**Dataset section**
===============

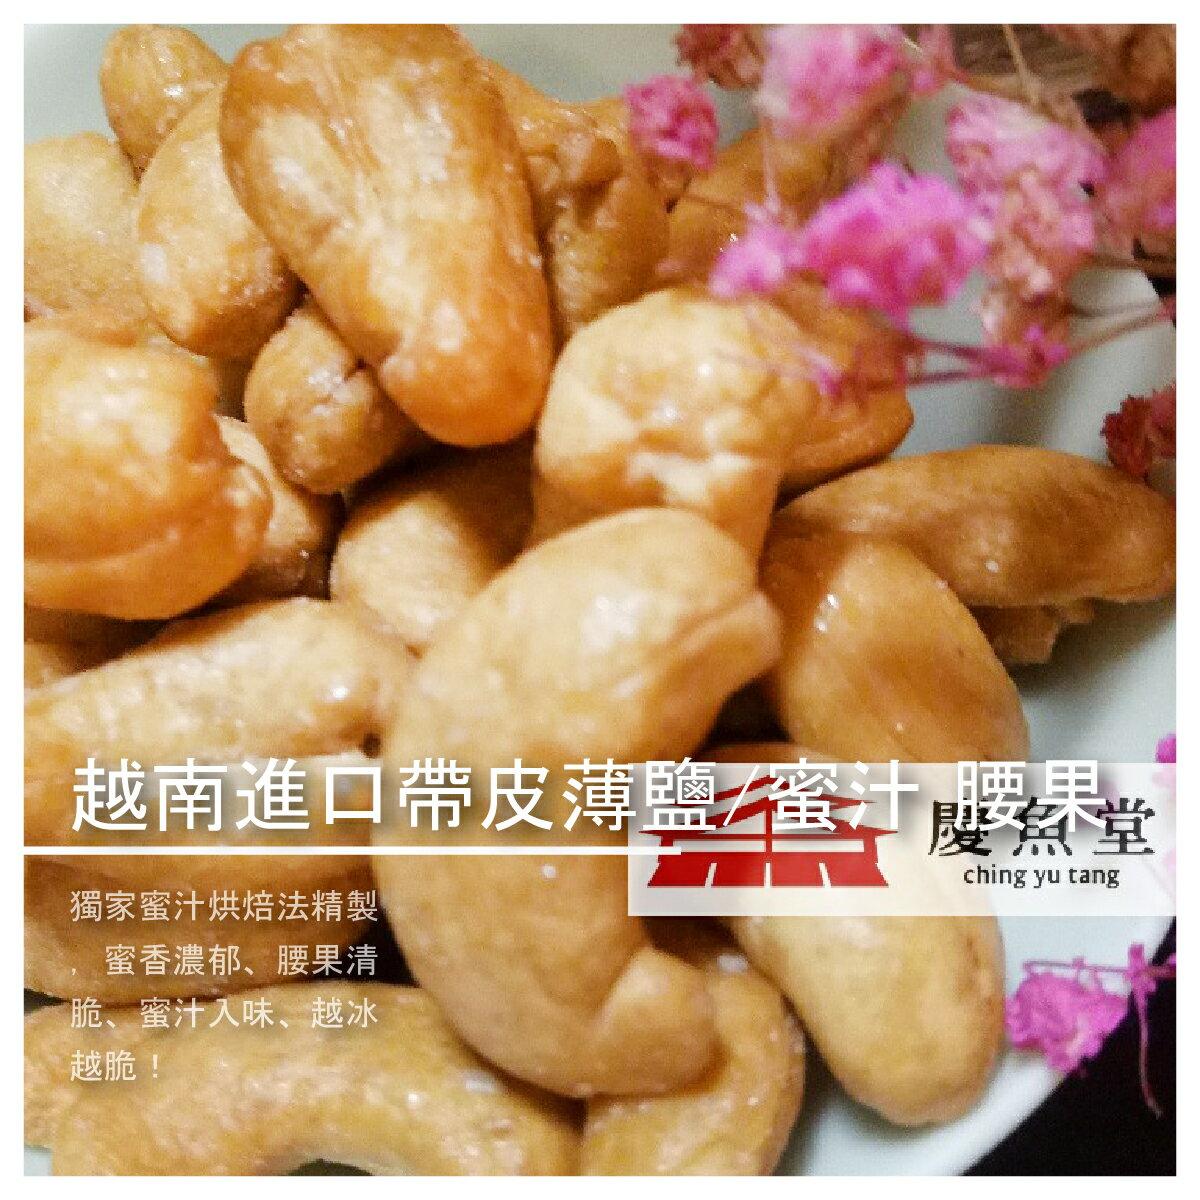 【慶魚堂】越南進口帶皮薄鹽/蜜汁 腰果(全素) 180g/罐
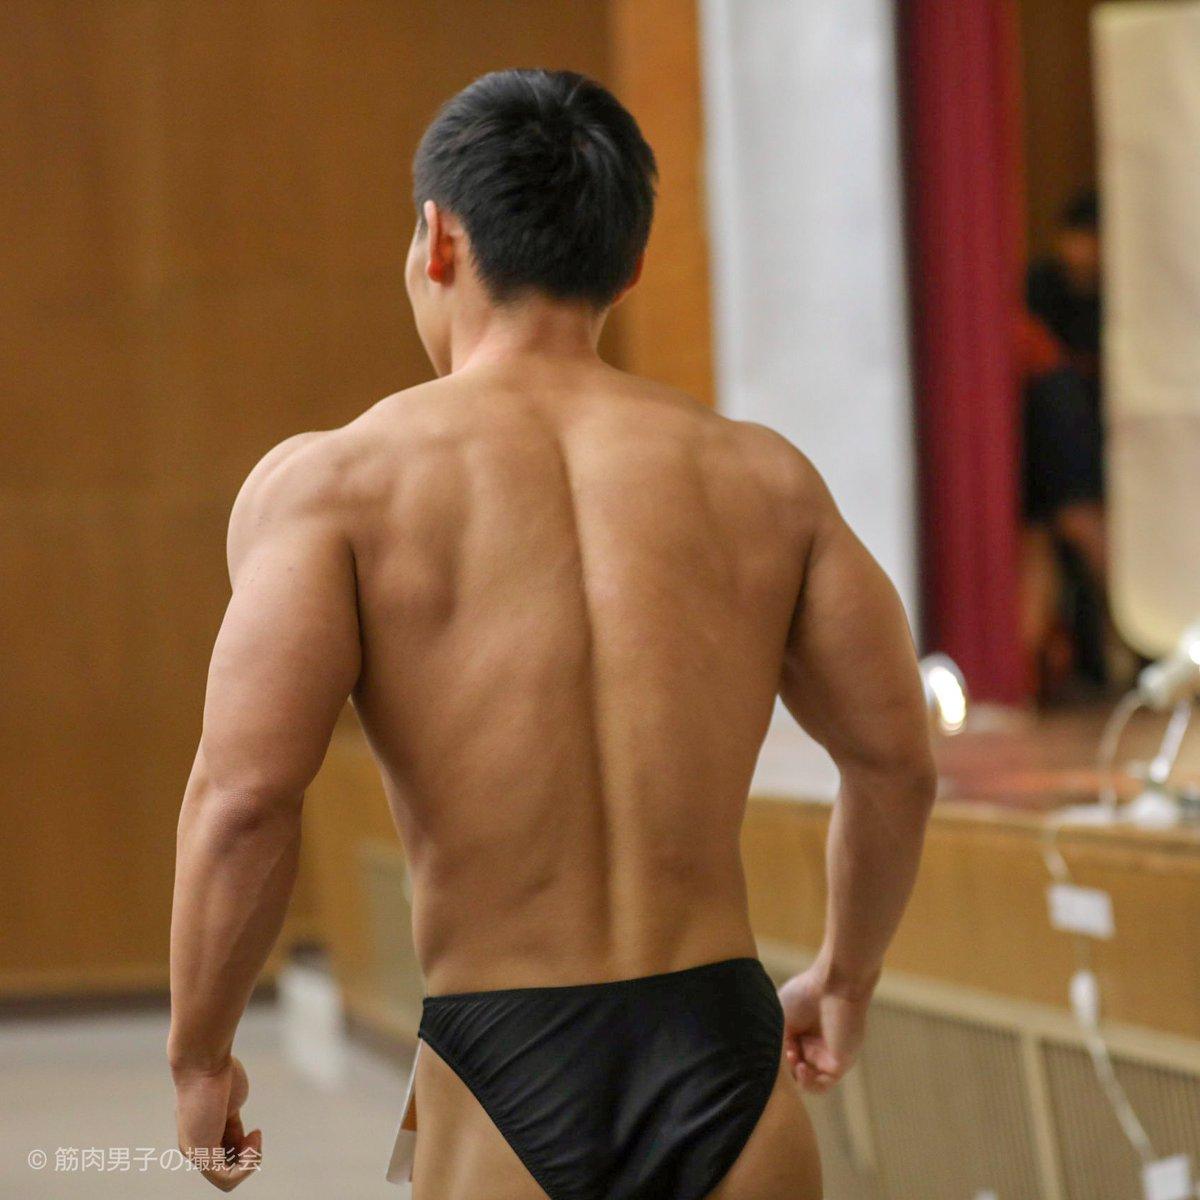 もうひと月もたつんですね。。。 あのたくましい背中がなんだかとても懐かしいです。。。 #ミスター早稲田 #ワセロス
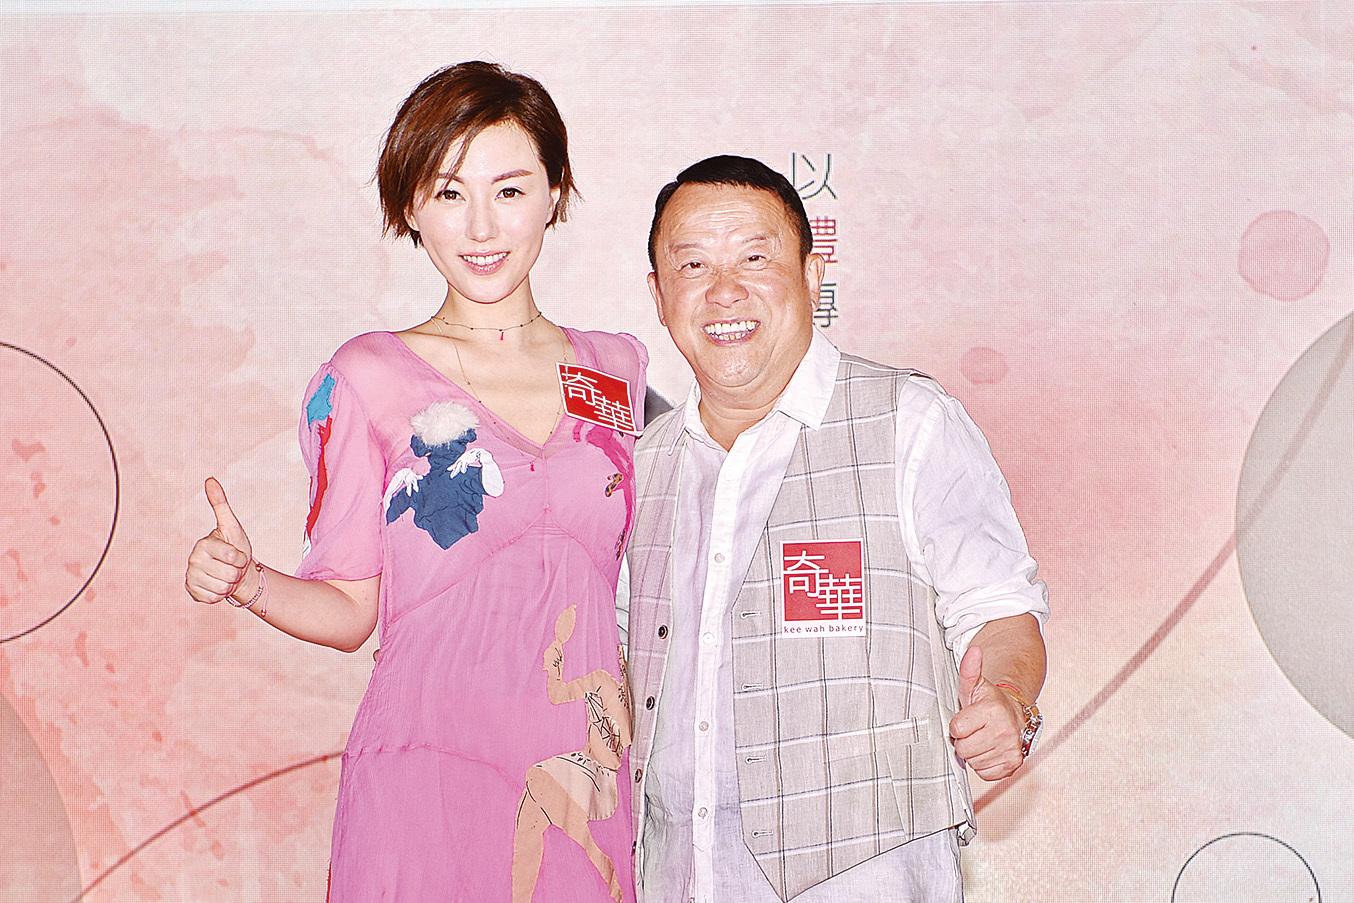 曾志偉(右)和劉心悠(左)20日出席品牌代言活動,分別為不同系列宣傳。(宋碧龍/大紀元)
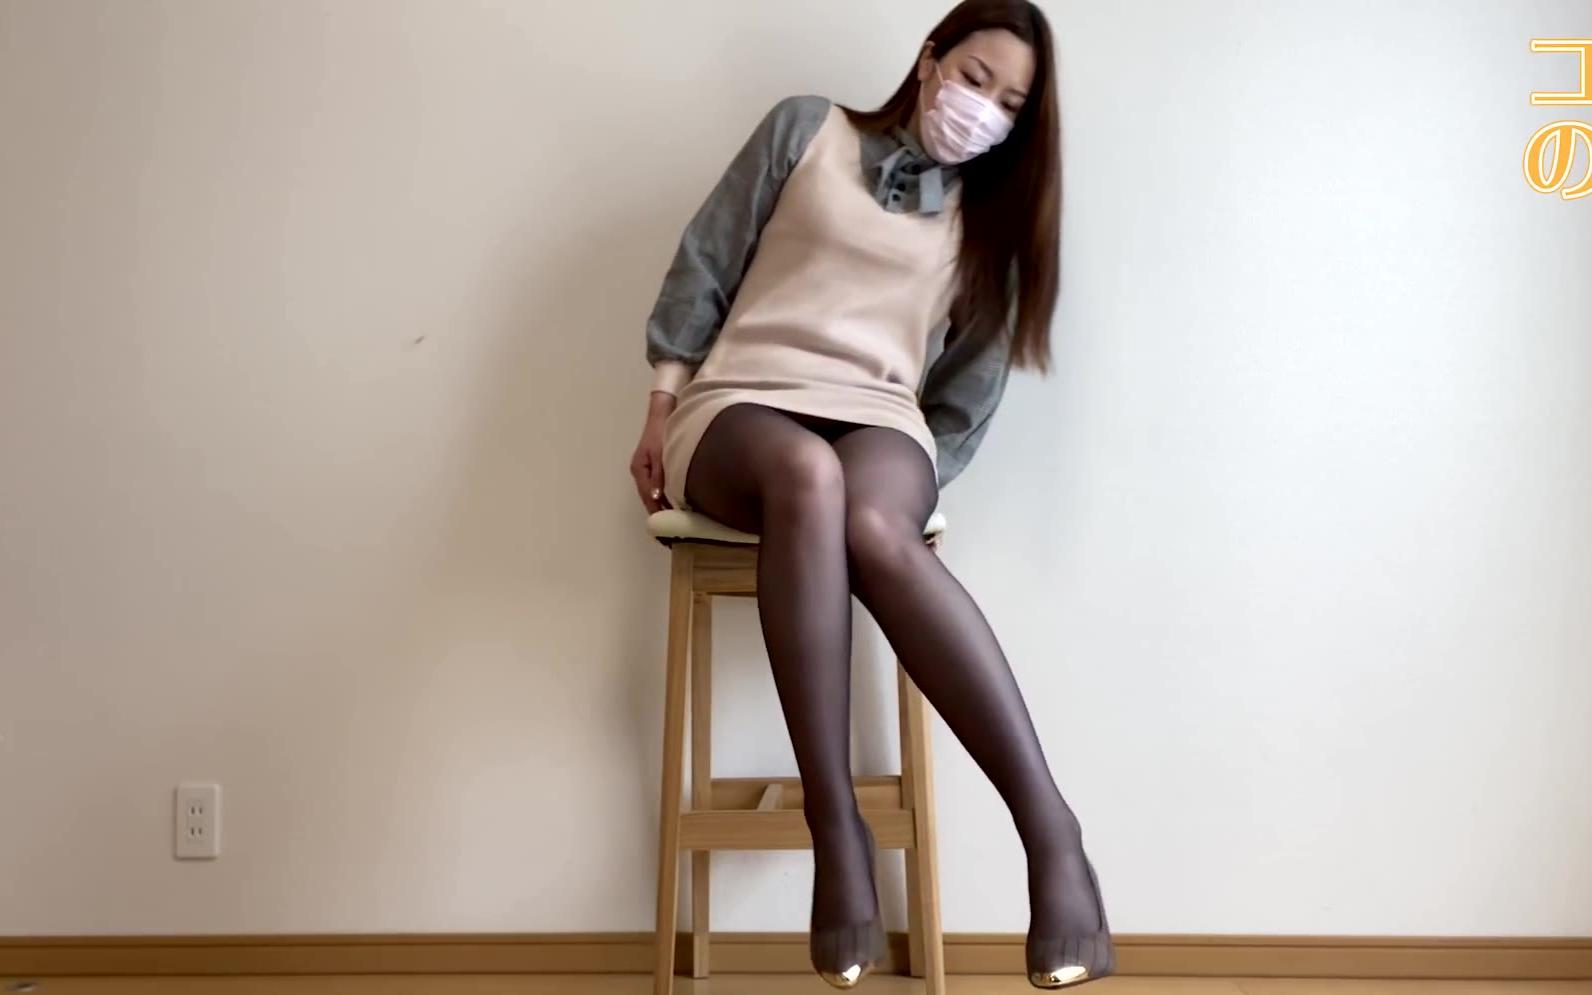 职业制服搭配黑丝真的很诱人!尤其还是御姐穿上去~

===============

**Exercise**
No pictures should appear in the copy. Print exactly the lines above from the line containing "曾志偉(右)和劉心悠(左)2" through the last line of the data.

**Result of the task**
 曾志偉(右)和劉心悠(左)20日出席品牌代言活動,分別為不同系列宣傳。(宋碧龍/大紀元)
 职业制服搭配黑丝真的很诱人!尤其还是御姐穿上去~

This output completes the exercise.